Content starts
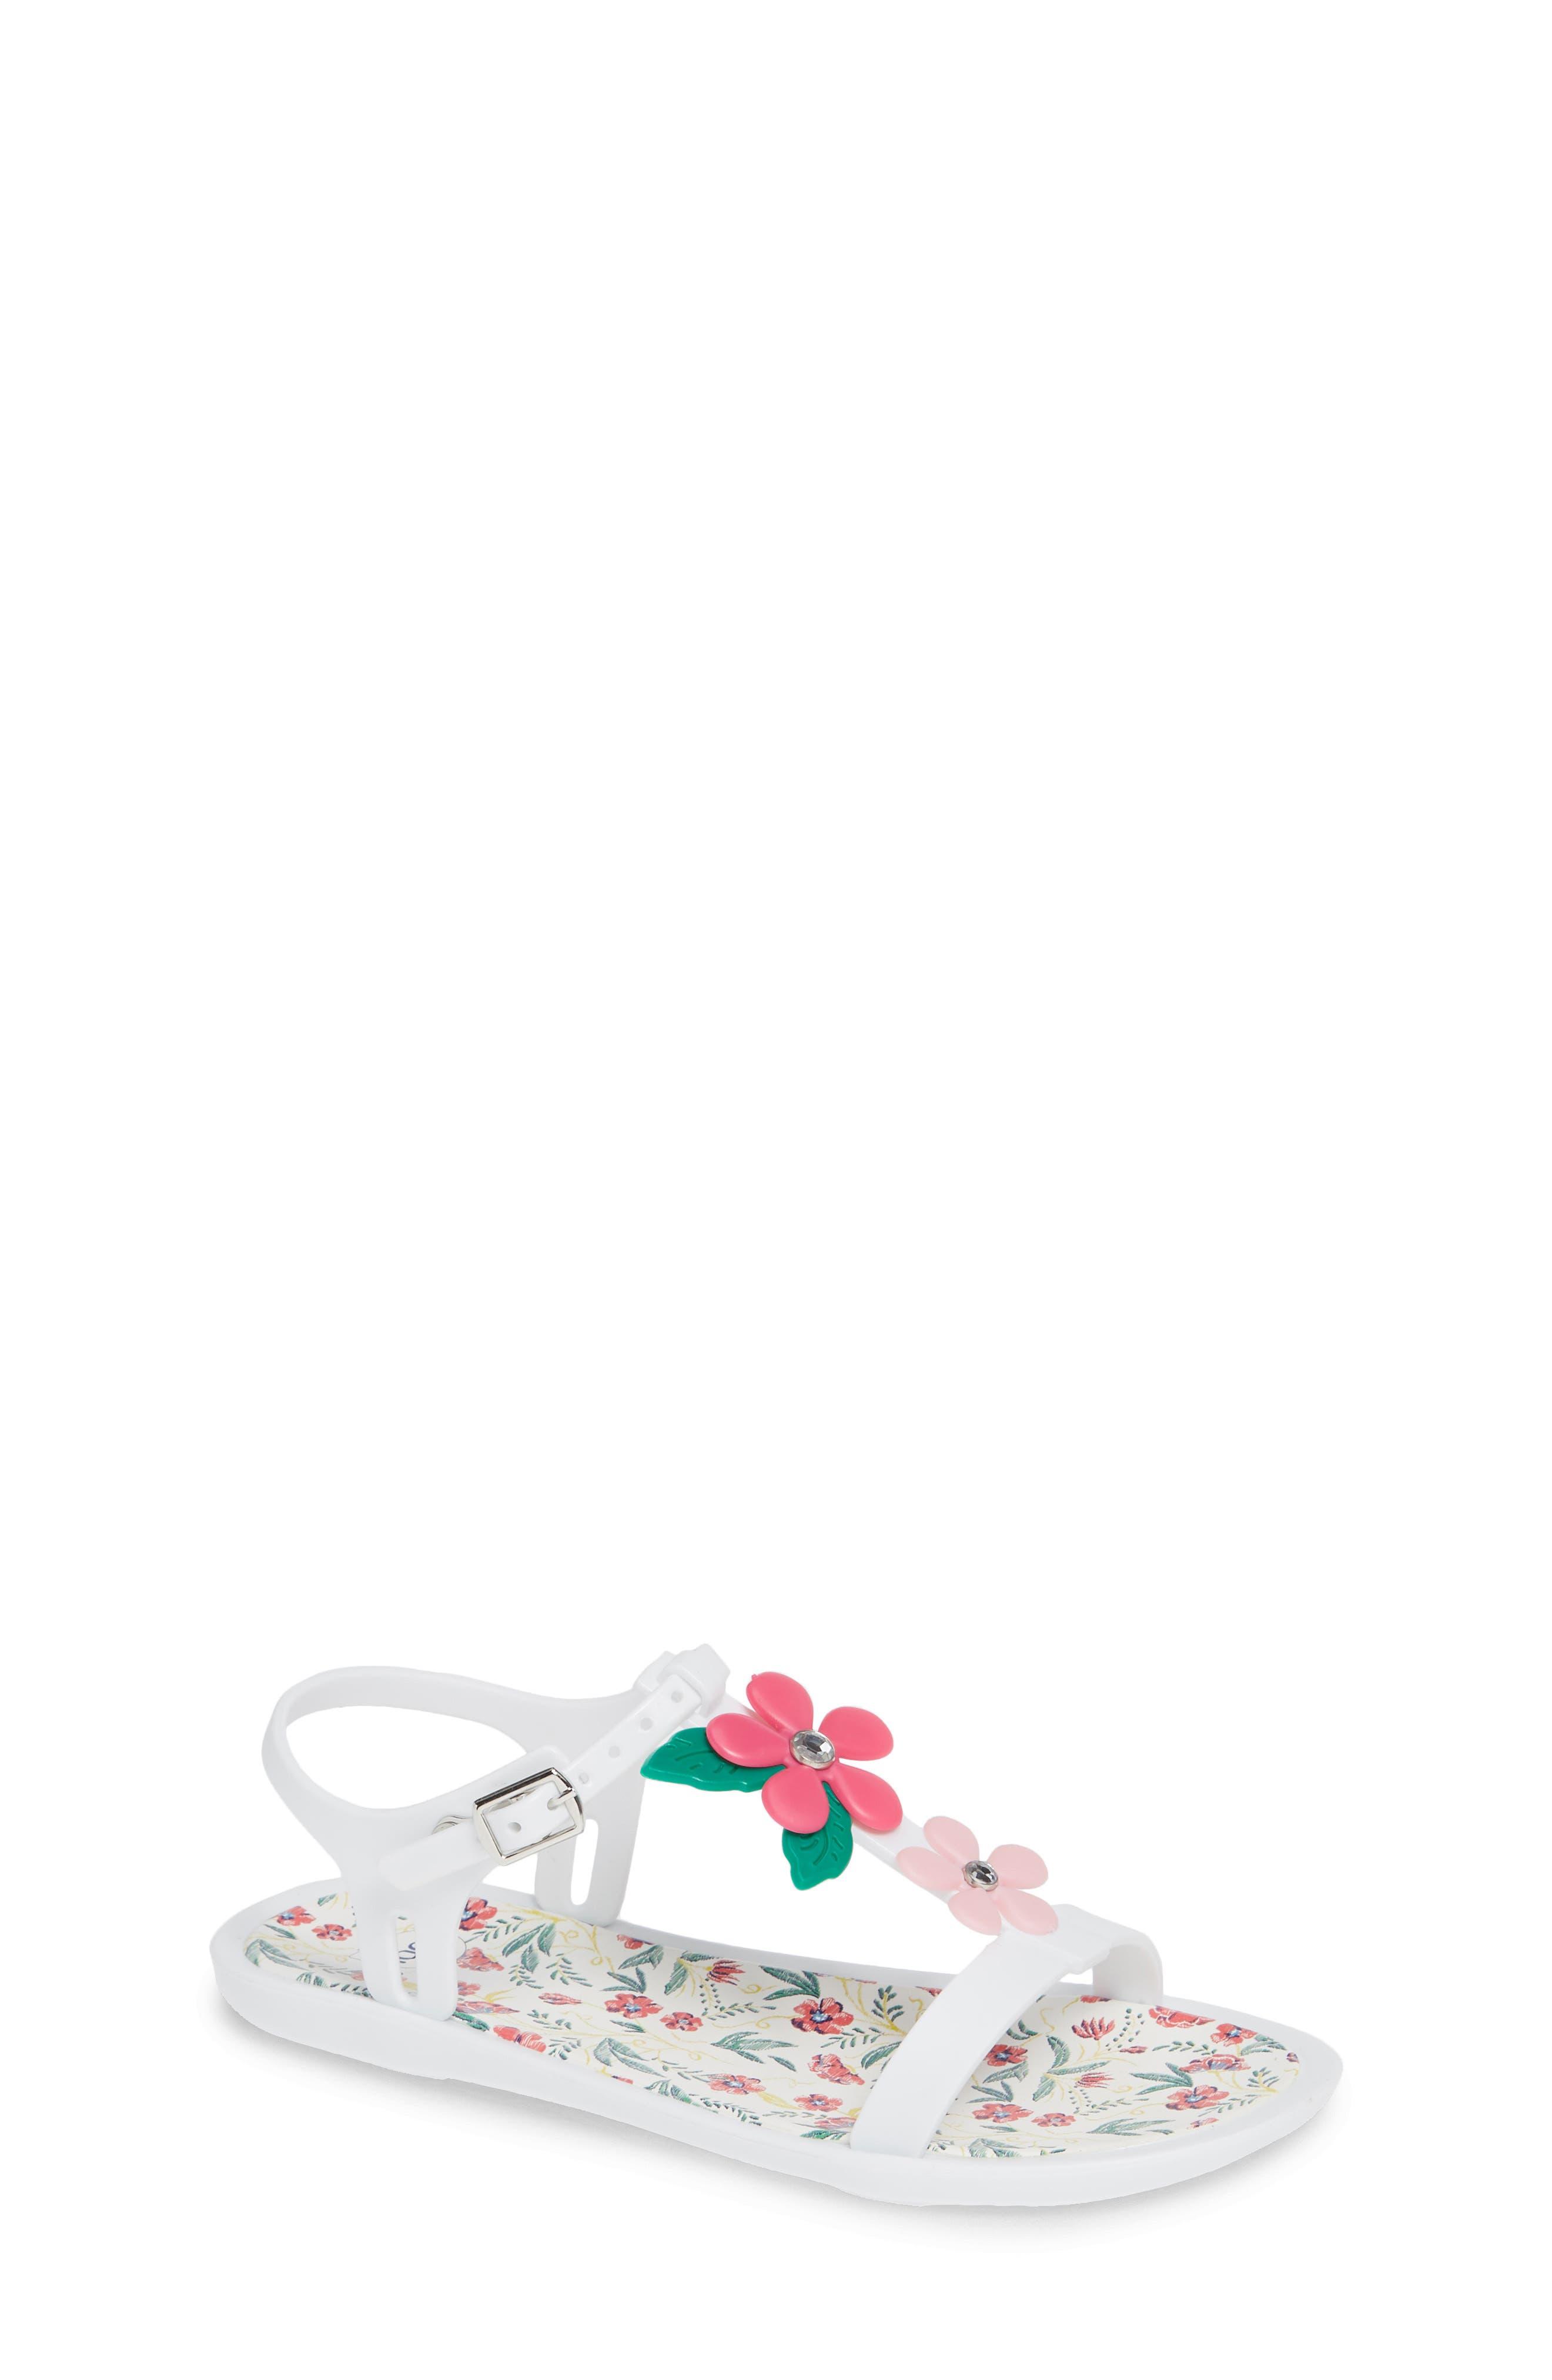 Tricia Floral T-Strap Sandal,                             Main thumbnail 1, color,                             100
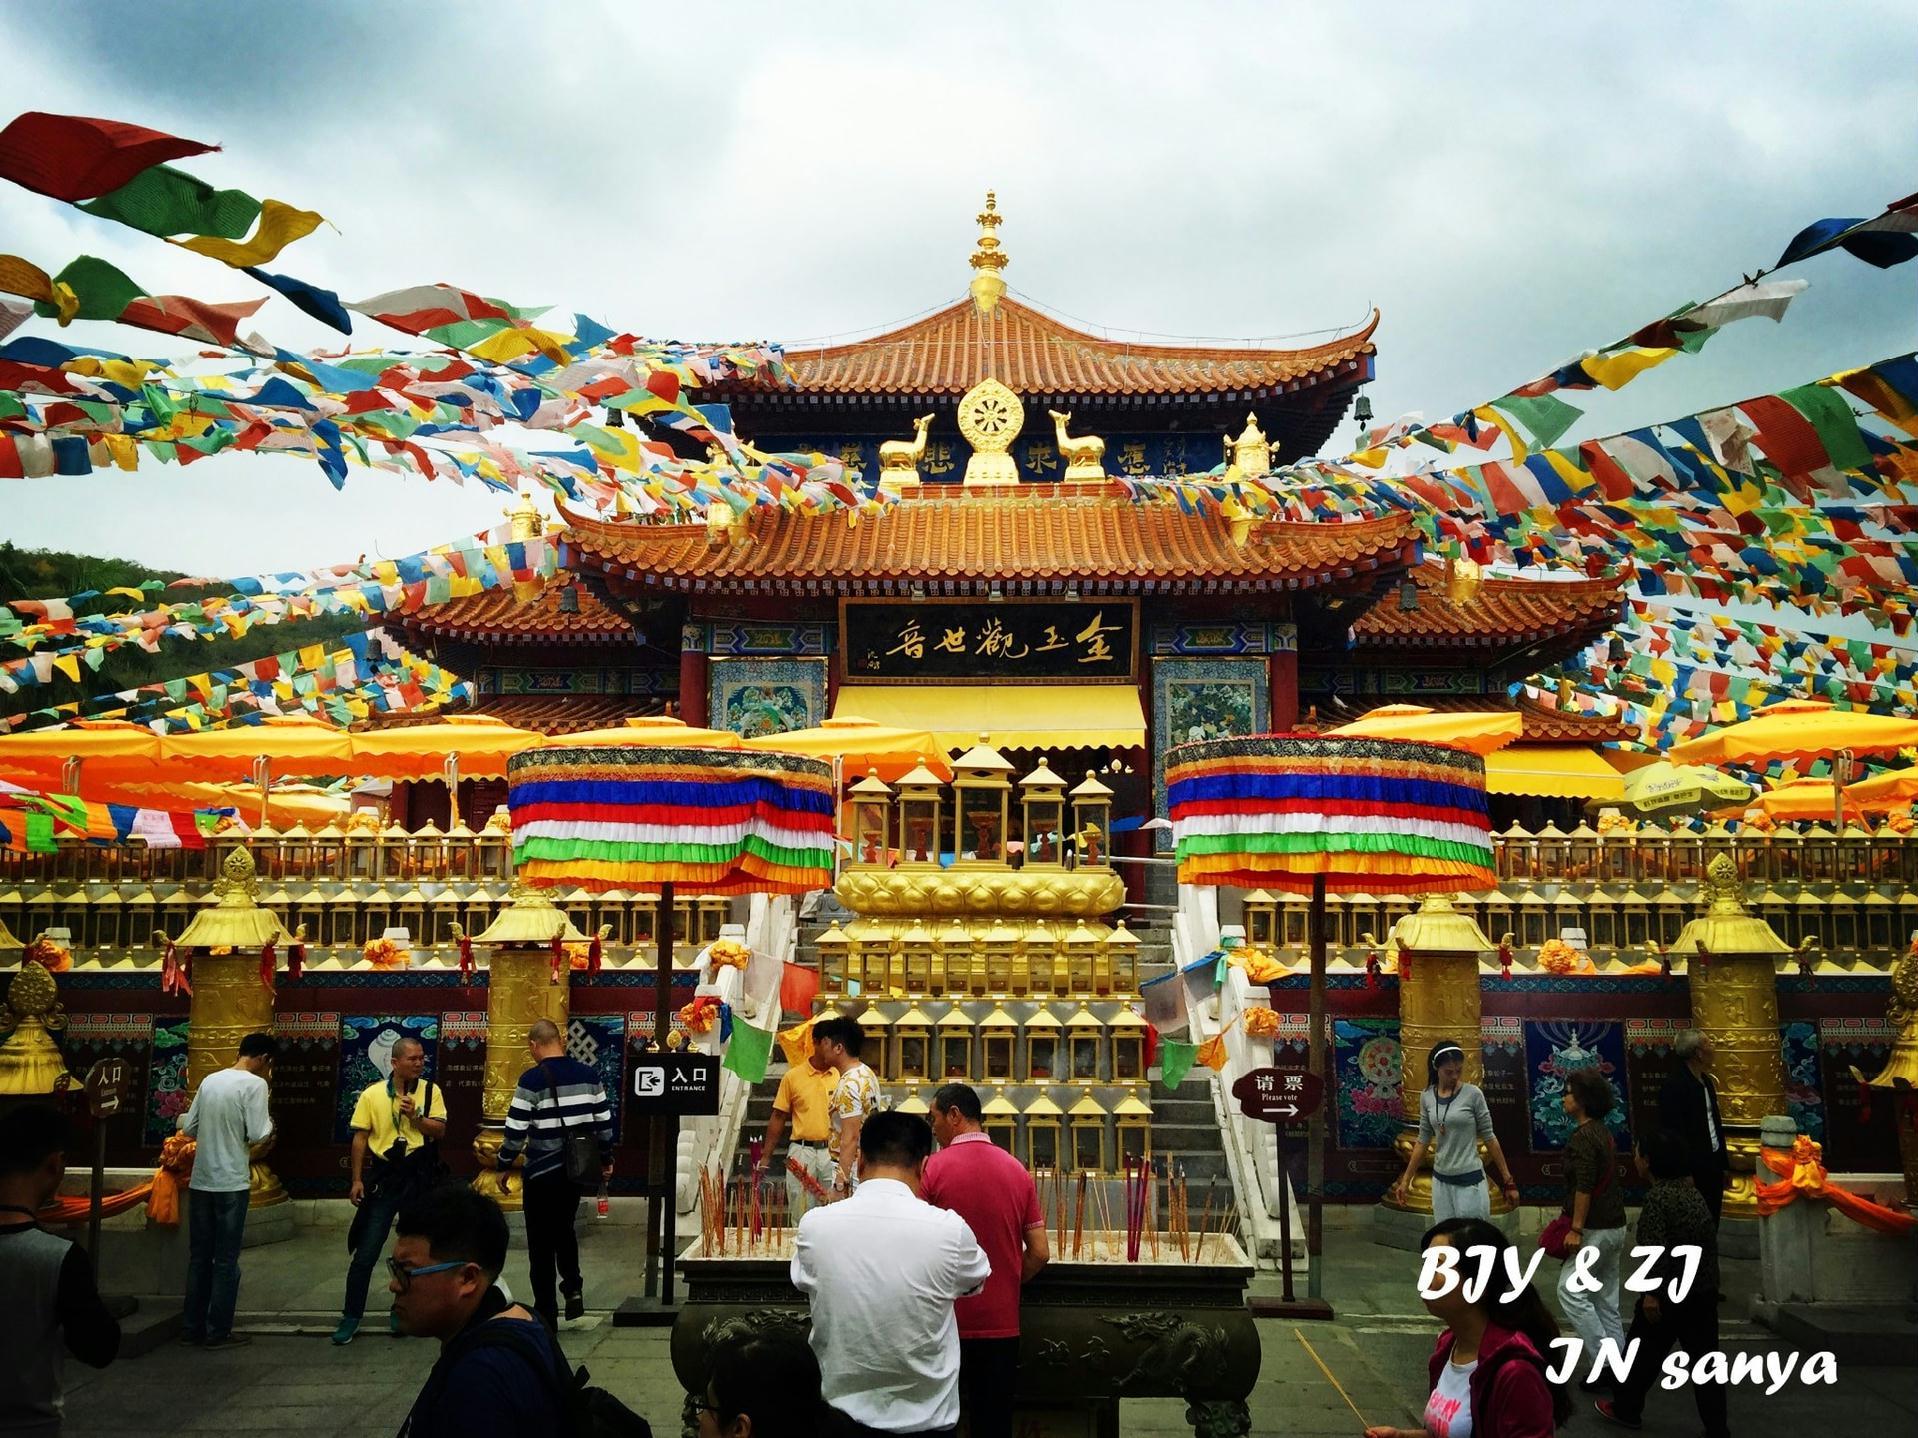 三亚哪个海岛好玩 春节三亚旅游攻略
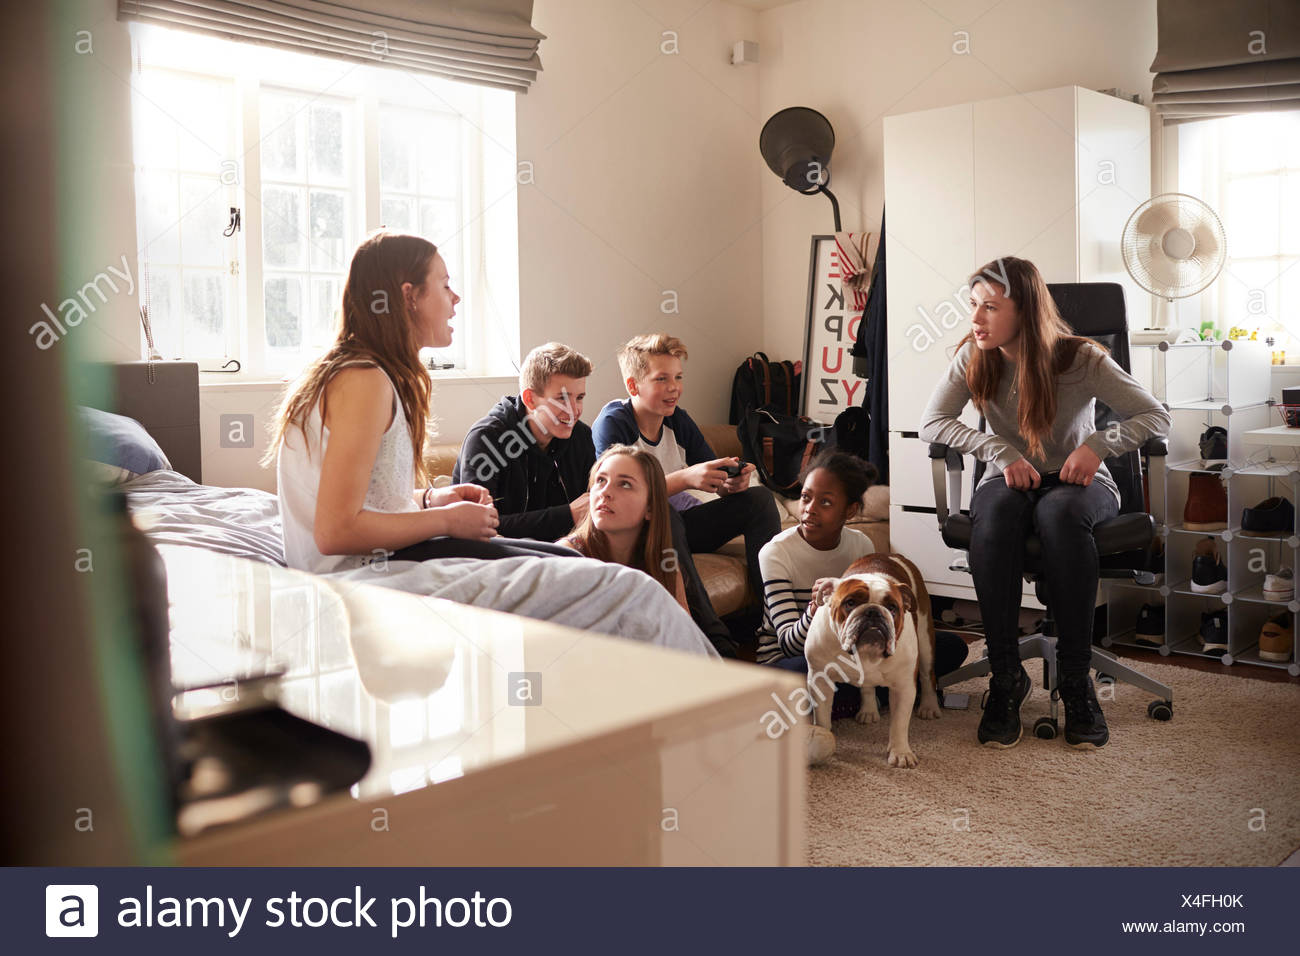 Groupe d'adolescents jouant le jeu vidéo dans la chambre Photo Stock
Content ends
## Exercise:
What is needed is an exact copy of the lines from the line with "三亚哪个海岛好玩 春节三亚旅游攻略" to the end of the data above, both included, without any pictures.

## Exercise solution:
 三亚哪个海岛好玩 春节三亚旅游攻略
 Groupe d'adolescents jouant le jeu vidéo dans la chambre Photo Stock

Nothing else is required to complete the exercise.